## [Your assignment]
Make an exact copy of the listing underneath, skipping each picture.

## [Raw data]
----------------------------------------
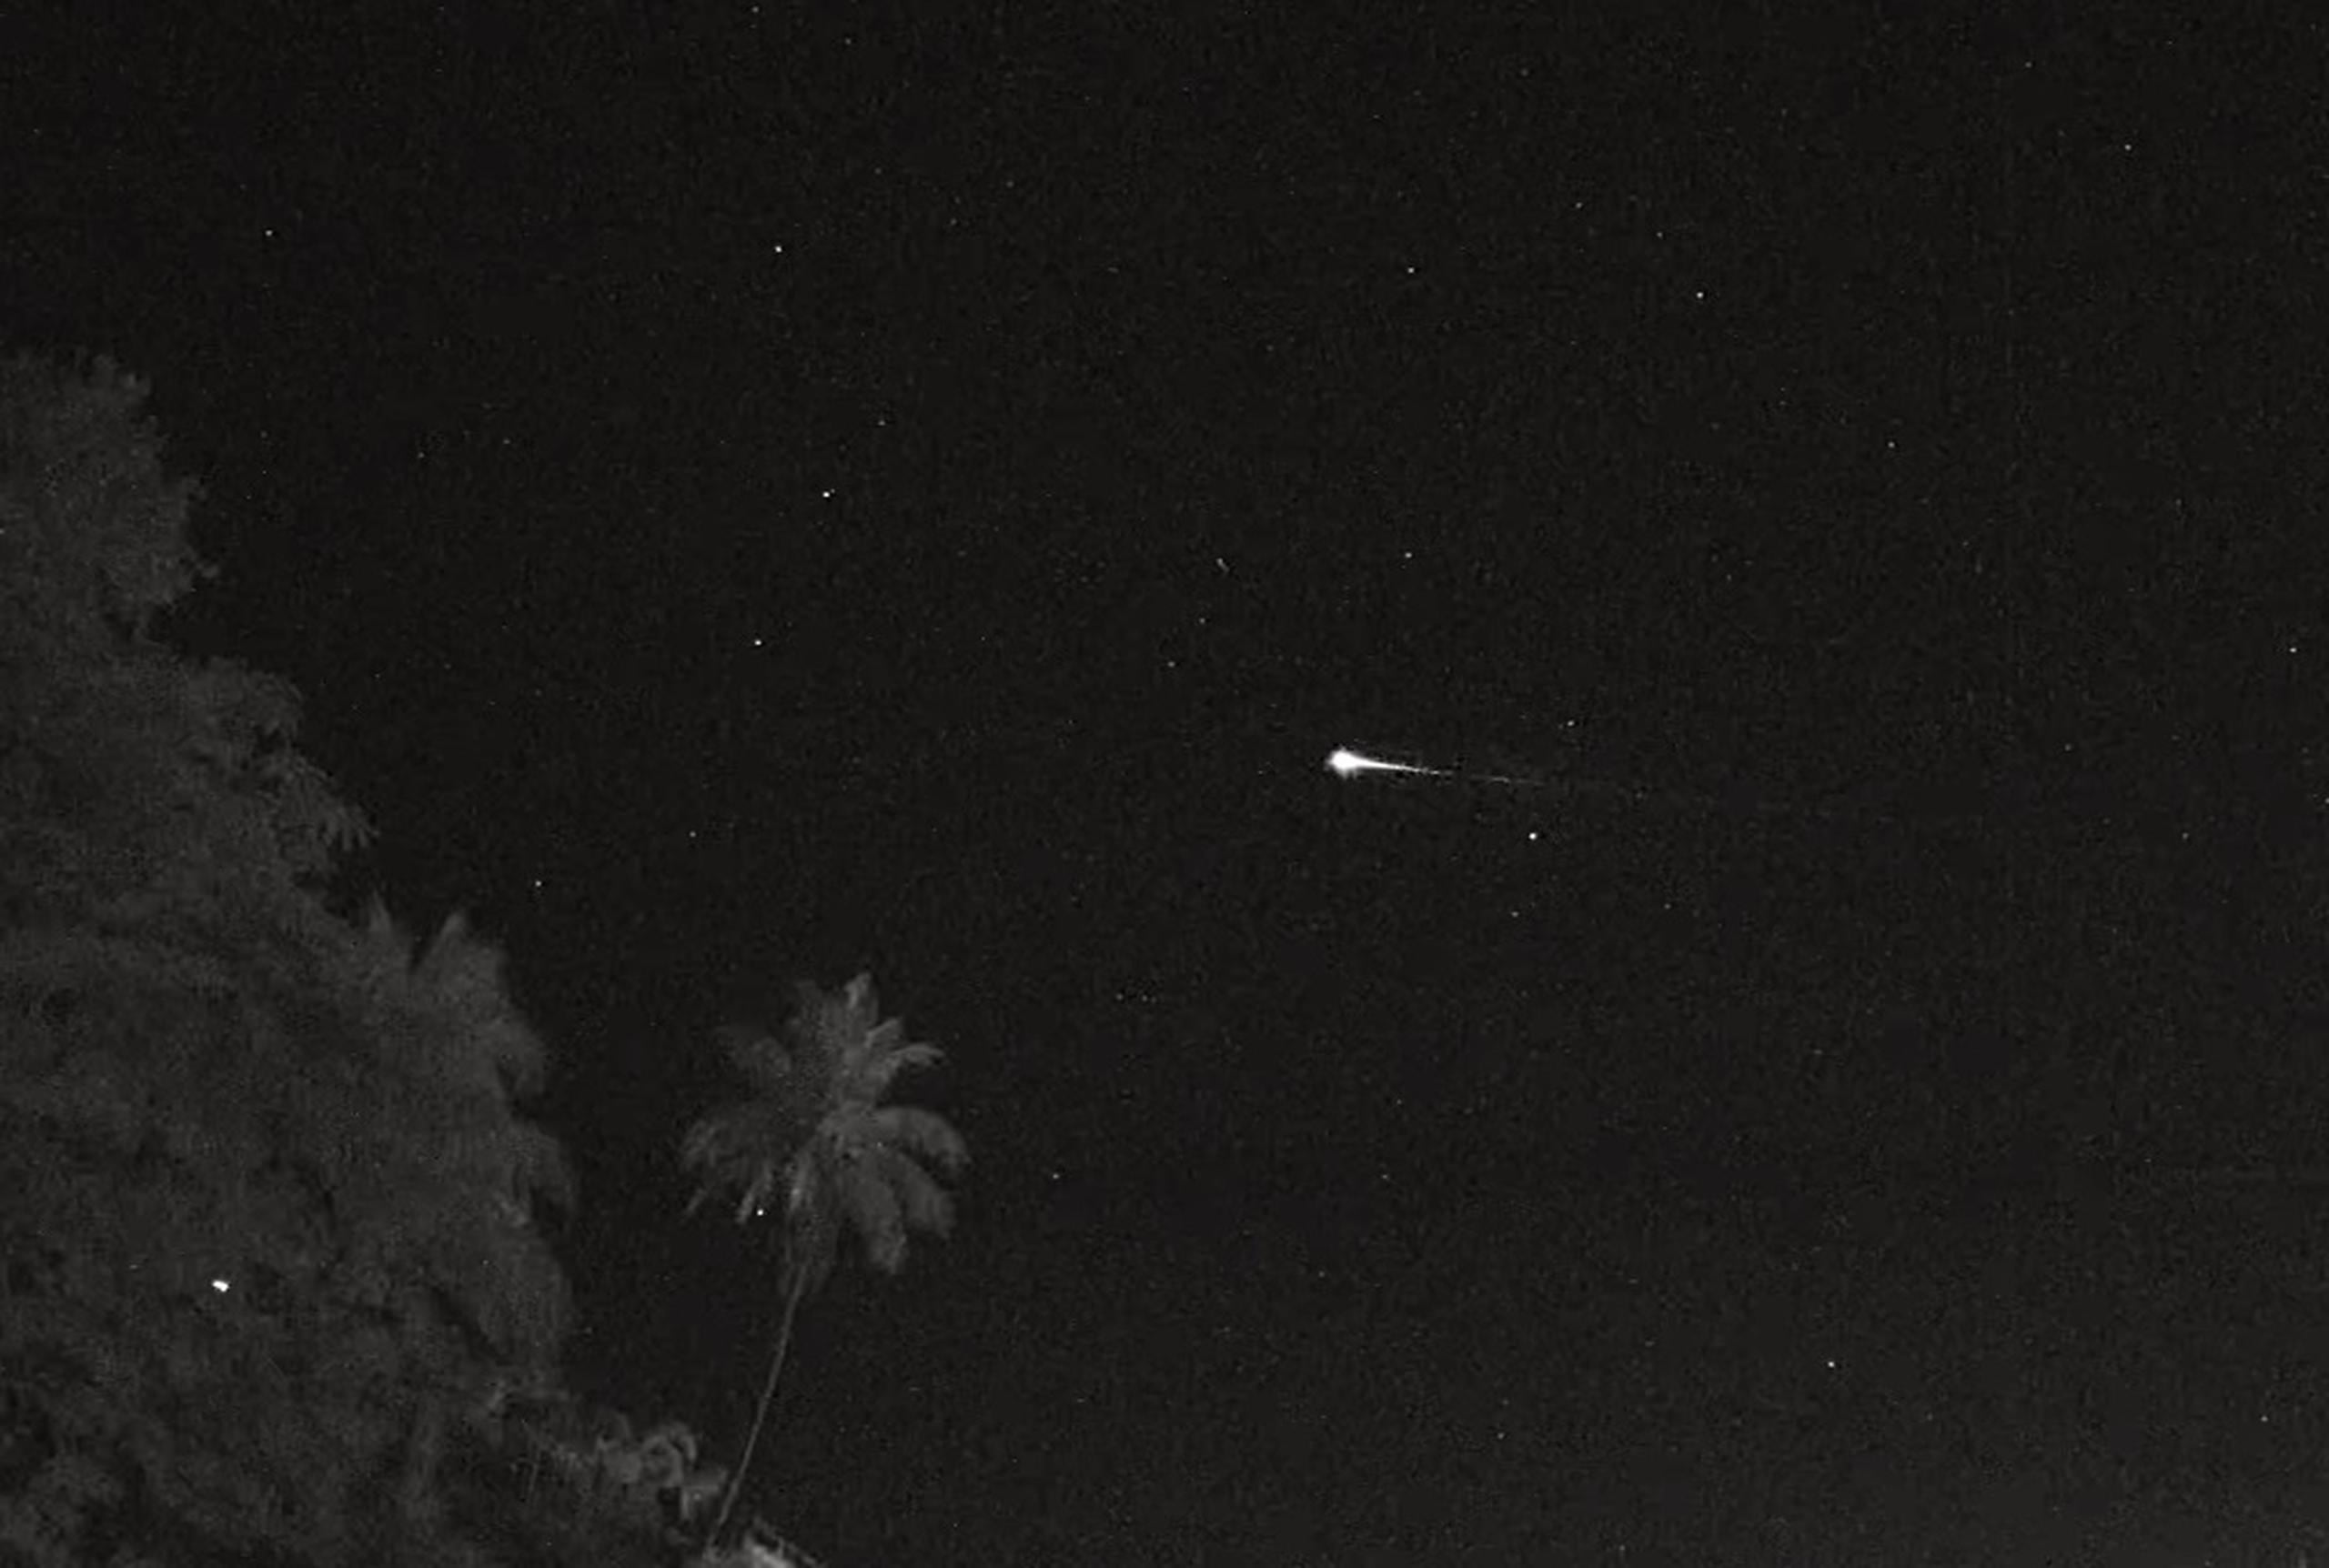 Se trató de un “meteoro rozante” que fue visible mirando hacia el norte.
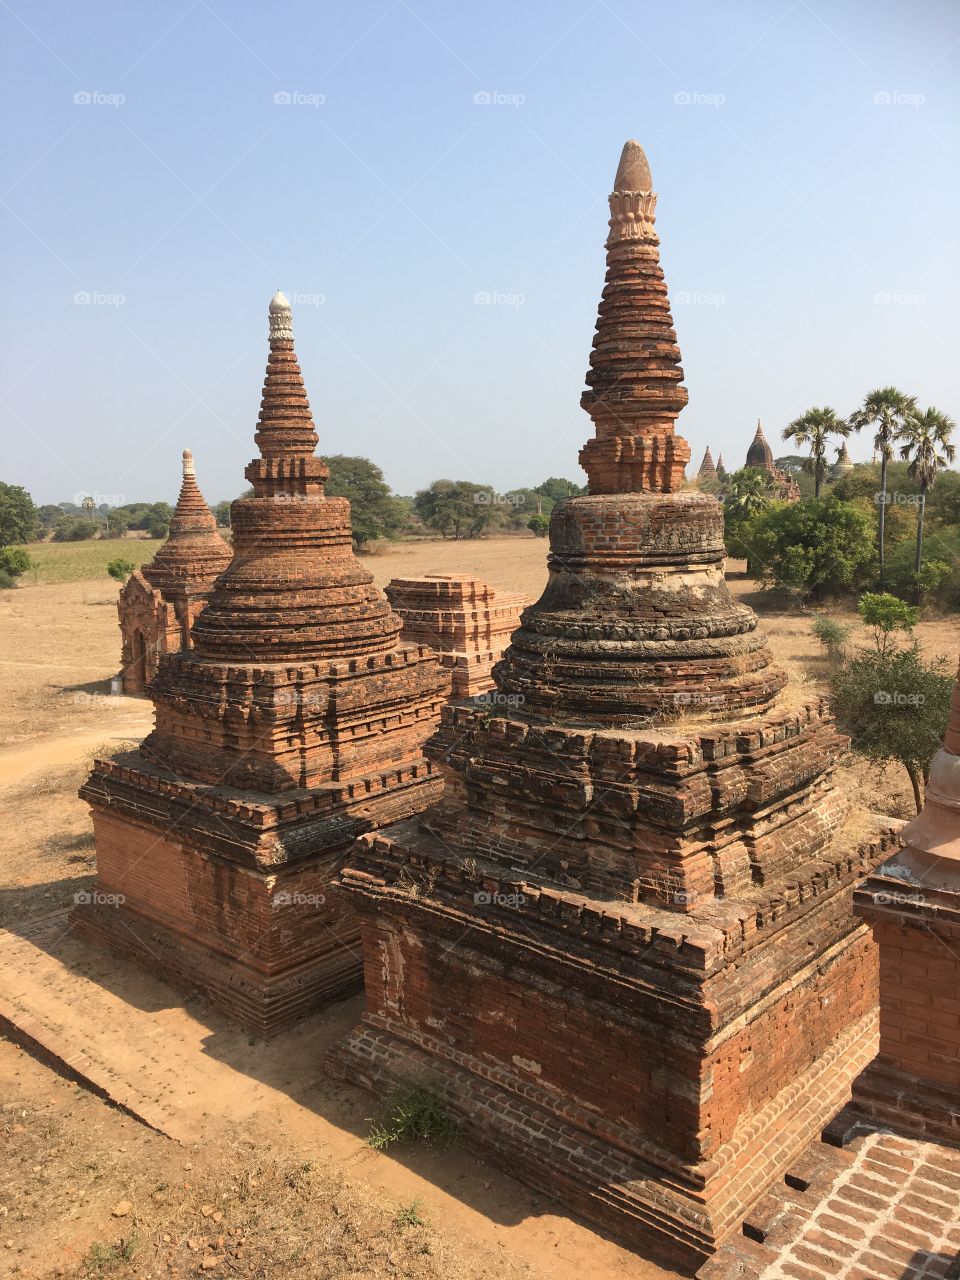 Temple, Architecture, Travel, Pagoda, No Person
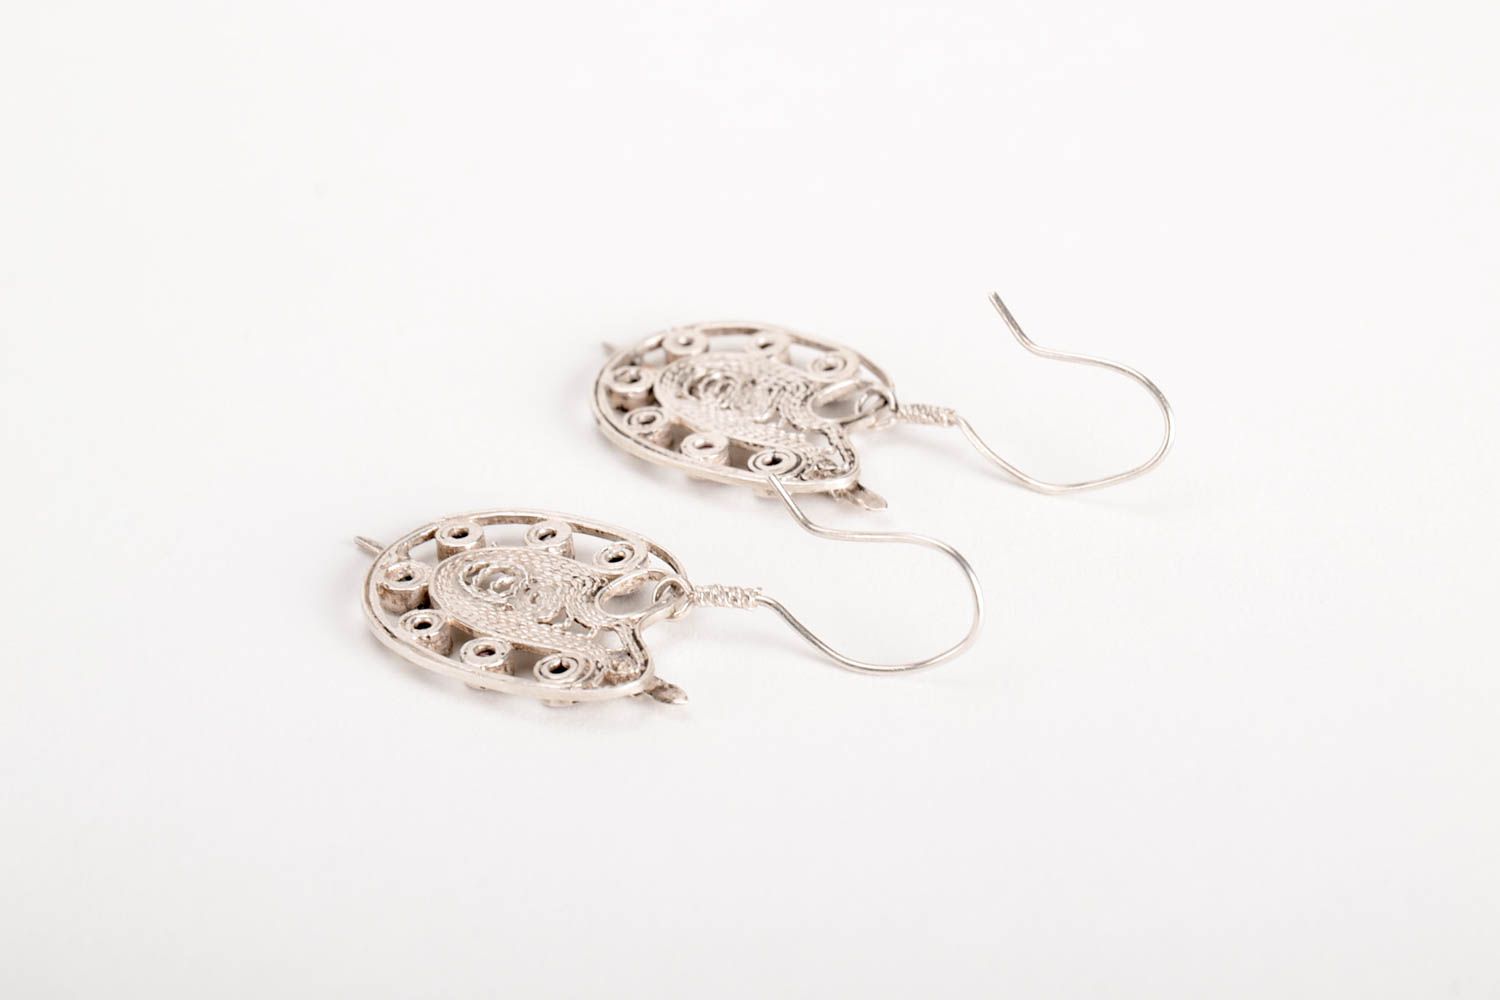 Silver earrings dangling earrings designer accessories best gifts for women photo 3
----------------------------------------
## [Output for this task]
 Se trató de un “meteoro rozante” que fue visible mirando hacia el norte.
 Temple, Architecture, Travel, Pagoda, No Person
 Silver earrings dangling earrings designer accessories best gifts for women photo 3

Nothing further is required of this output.